Some platforms like Getty Images are banning AI-generated art altogether, others trying to move in the direction outlined by Butterick. For instance, Shutterstock, which has recently begun selling AI-generated content as part of its partnership with OpenAI and LG, announced that it would be adding an opt-out function to contributors’ accounts. That function “will allow artists to exclude their content from any future datasets if they prefer not to have their content used for training computer vision technology.” In addition to that, Shutterstock set up a Contributor Fund, which would be used to compensate the artists whose IP was used in the development of the AI-generative models. DeviantArt is likewise providing creators a way to block AI systems from scraping up their content. A special HTML tag will apply to the pages of the DevianArt artists who requested that their work is exempted from AI training. Third parties will have to filter out content with the tag under the platform’s terms of service. It’s worth noting that, technically, AI systems will still be able to vacuum that data up.
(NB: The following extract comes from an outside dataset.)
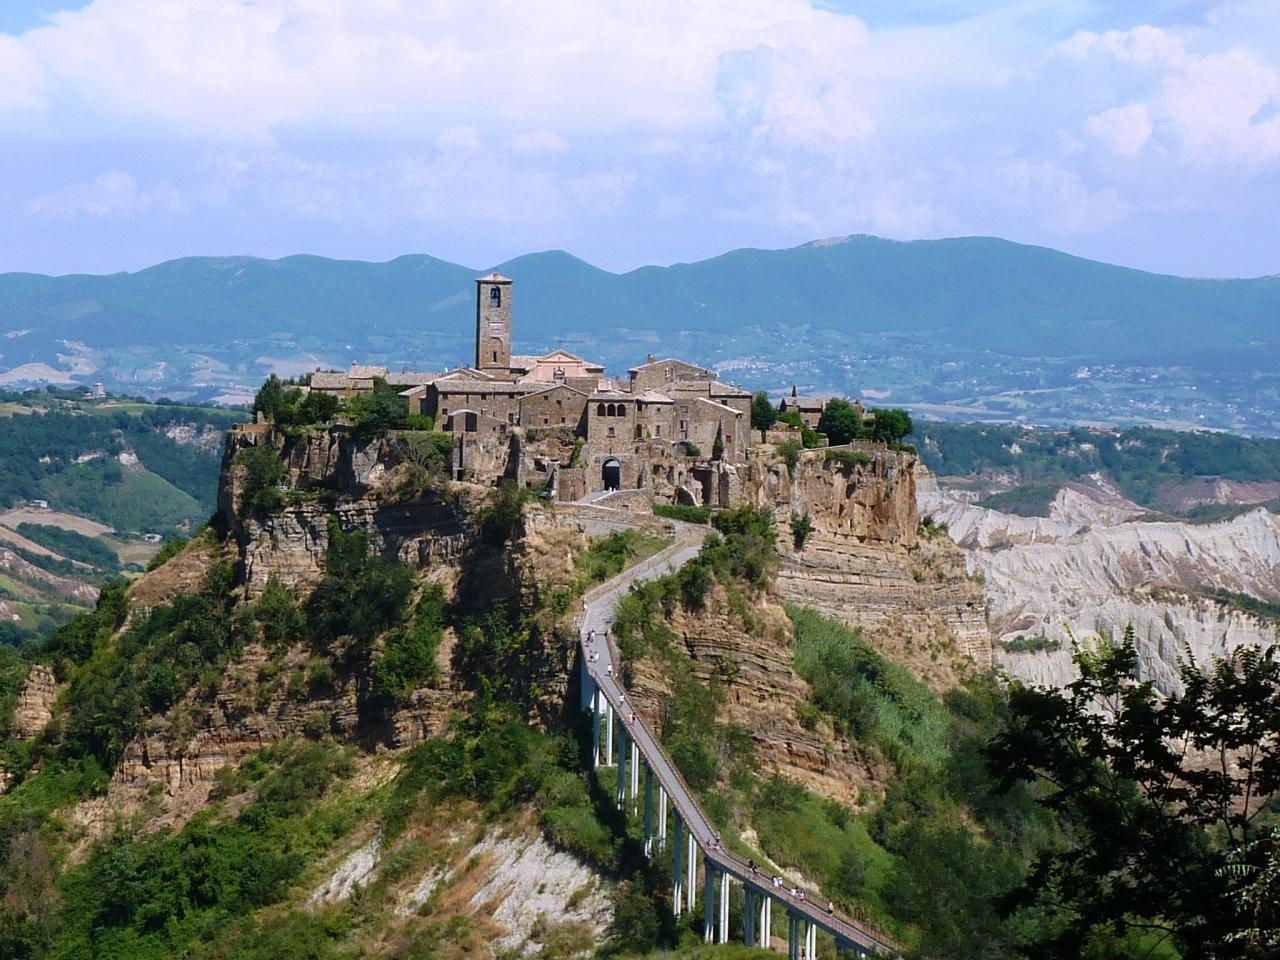 """チヴィタ ディ バニョレージョ - 長い橋の先、断崖絶壁の上に佇む""""天空の町"""""""
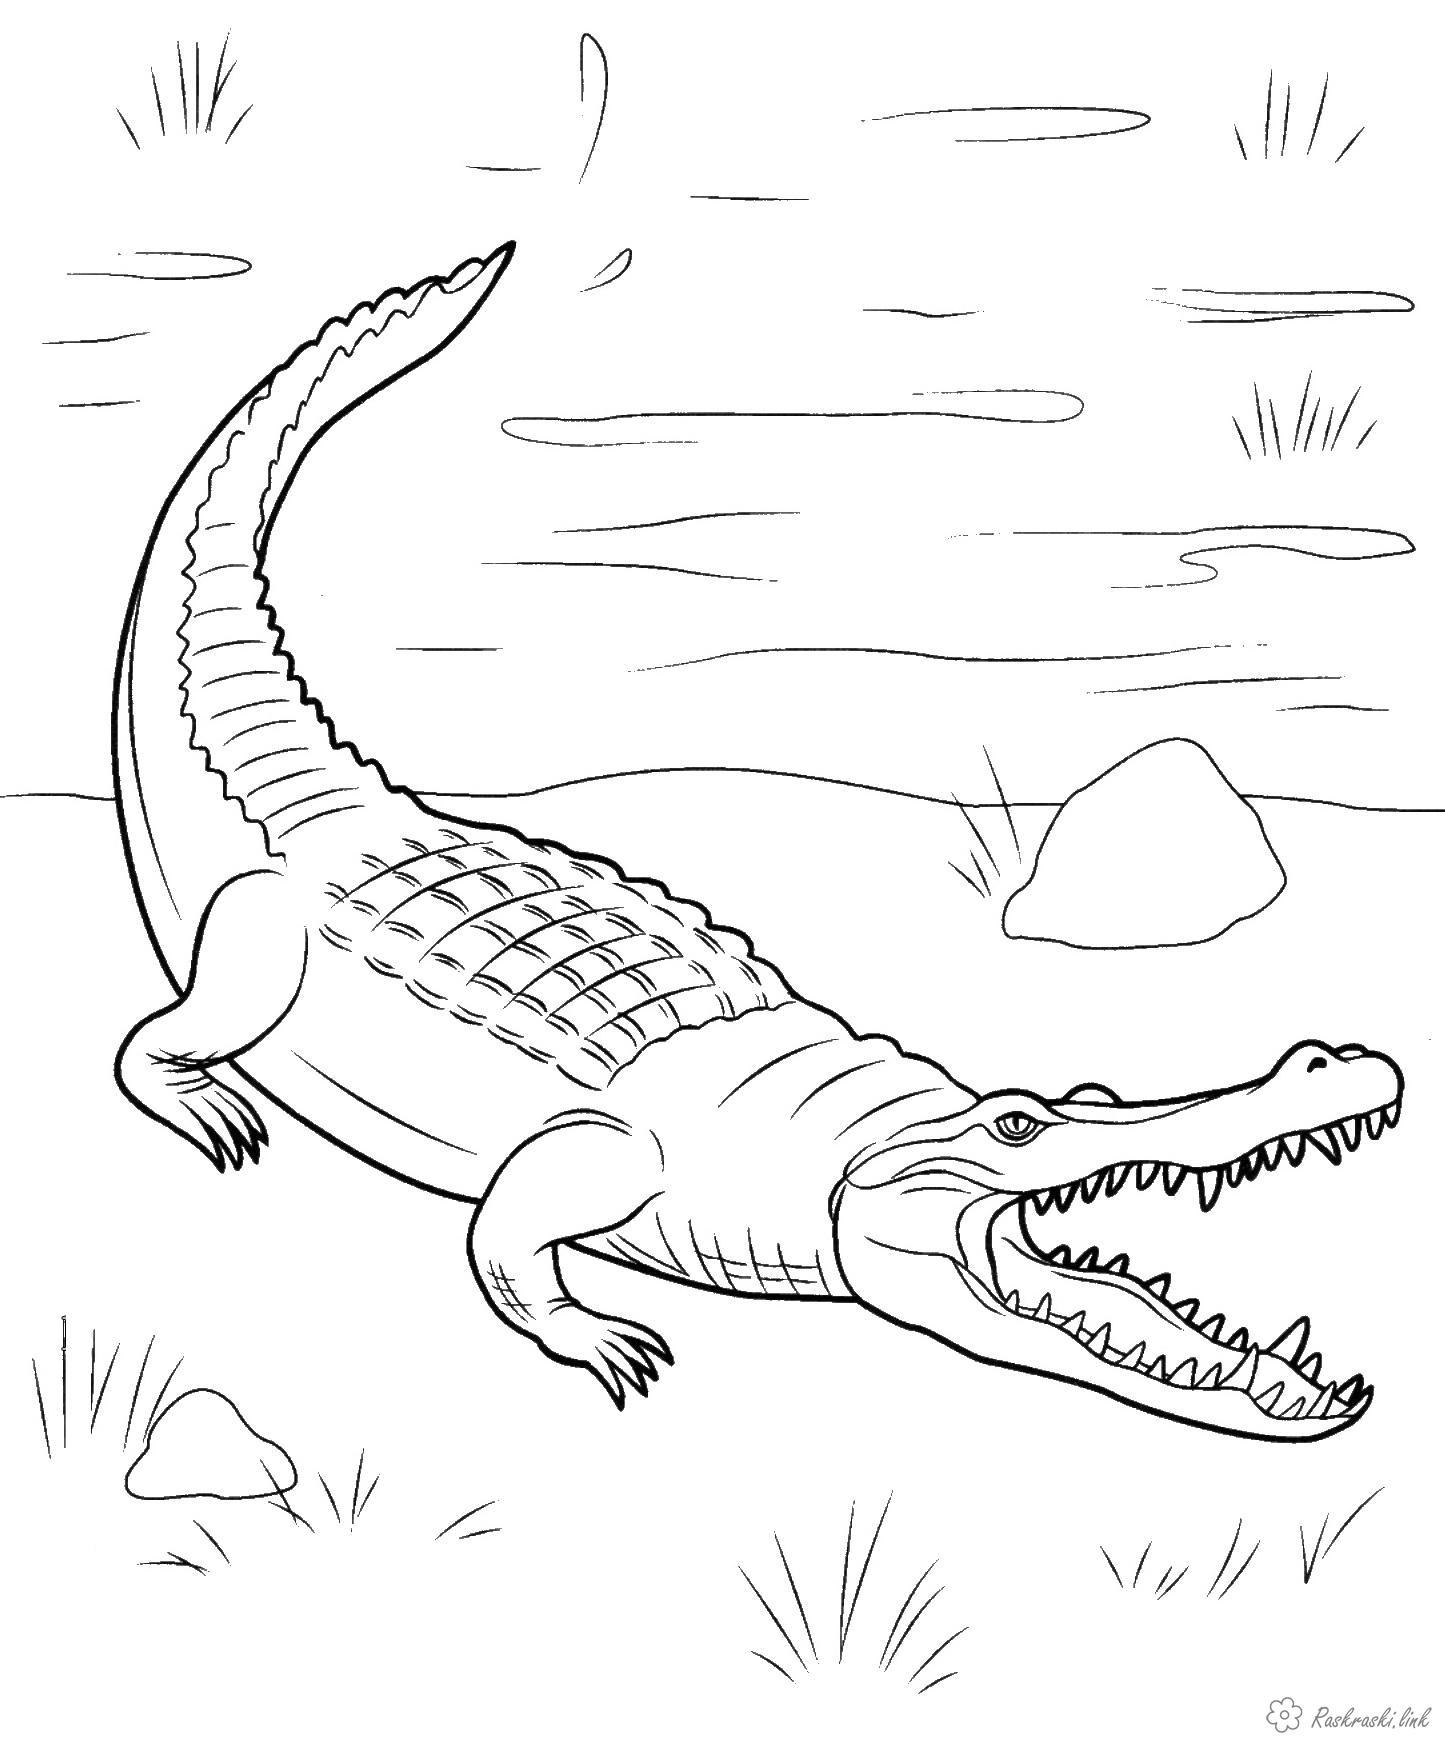 Розмальовки крокодил Рептилії, крокодил, вода

However, such goodwill examples are far and few between, and it’s unlikely that they will become a norm without proper regulation. The Copilot lawsuit, aside from shedding more light on the issue of AI training, may as well trigger that necessary shift. And even if one complaint is unlikely to change the system, it may cause a domino effect, paving the way for similar legal challenges and eventual regulation. Seeing as new AI products are popping up like mushrooms, we need to rein in the companies behind them before it’s too late and they’ve already gobbled up all our data.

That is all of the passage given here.